Analysts have access to Facebook’s “extensive search and surveillance capabilities” while the Skype partnership allows for monitoring of any combination of “audio, video, chat, and file transfers”, and Google allows surveillance of “Gmail, voice and video chat, photo libraries, and live surveillance of search terms.” The career intelligence officer who leaked documents about the program to the Washington Post noted “[t]hey quite literally can watch your ideas form as you type.”
Apple and Facebook have both denied participation in the program, with Apple saying they’ve “never heard” of it, and Facebook flatly denying they provide “any government organization with direct access” to their servers. Google has been slightly less clear, but told Washington Post they lack a back door for the government to obtain access to private user data and care “deeply” about the privacy of users.

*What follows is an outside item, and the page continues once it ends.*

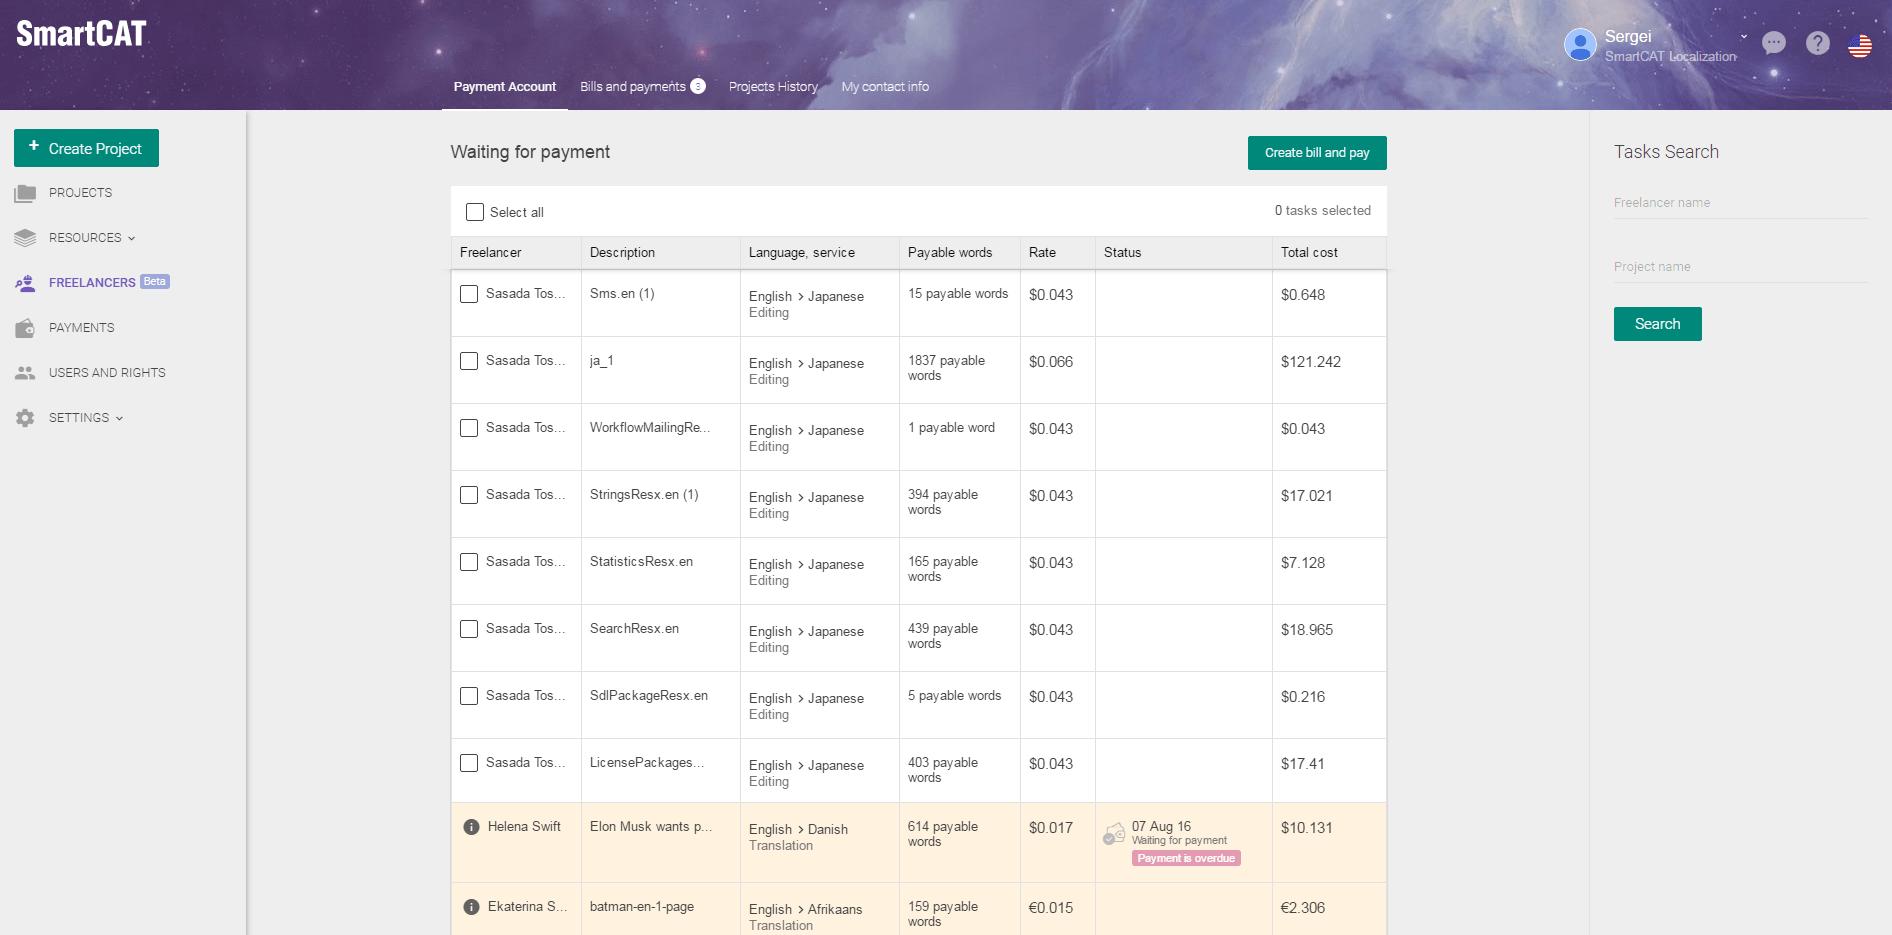 Payments_en-1024x506.png

An internal presentation on the operation obtained by the Post claims PRISM is the most frequent contributor to the President’s Daily Brief, saying it was cited in 1,477 articles last year and accounts for nearly 1 in 7 intelligence reports within the NSA. A parallel initiative also revealed by the Post, codenamed BLARNEY, is an ongoing data collection program that gathers “metadata” such as address packets and device signatures as it streams past choke points in internet infrastructure.
Update:
In comments to ThinkProgress, Amie Stepanovich, Director of the Electronic Privacy Information Center’s Domestic Surveillance Project noted that the 51 percent threshold reportedly used by NSA analysts not only “leaves a lot of room for error” initially, but combined with the chaining effect and how studies of private data brokers have shown that innate qualities like “foreignness” are often quite difficult to determine, the chance of an American citizens’ data being incidentally caught up in the program could actually be “incredibly high.”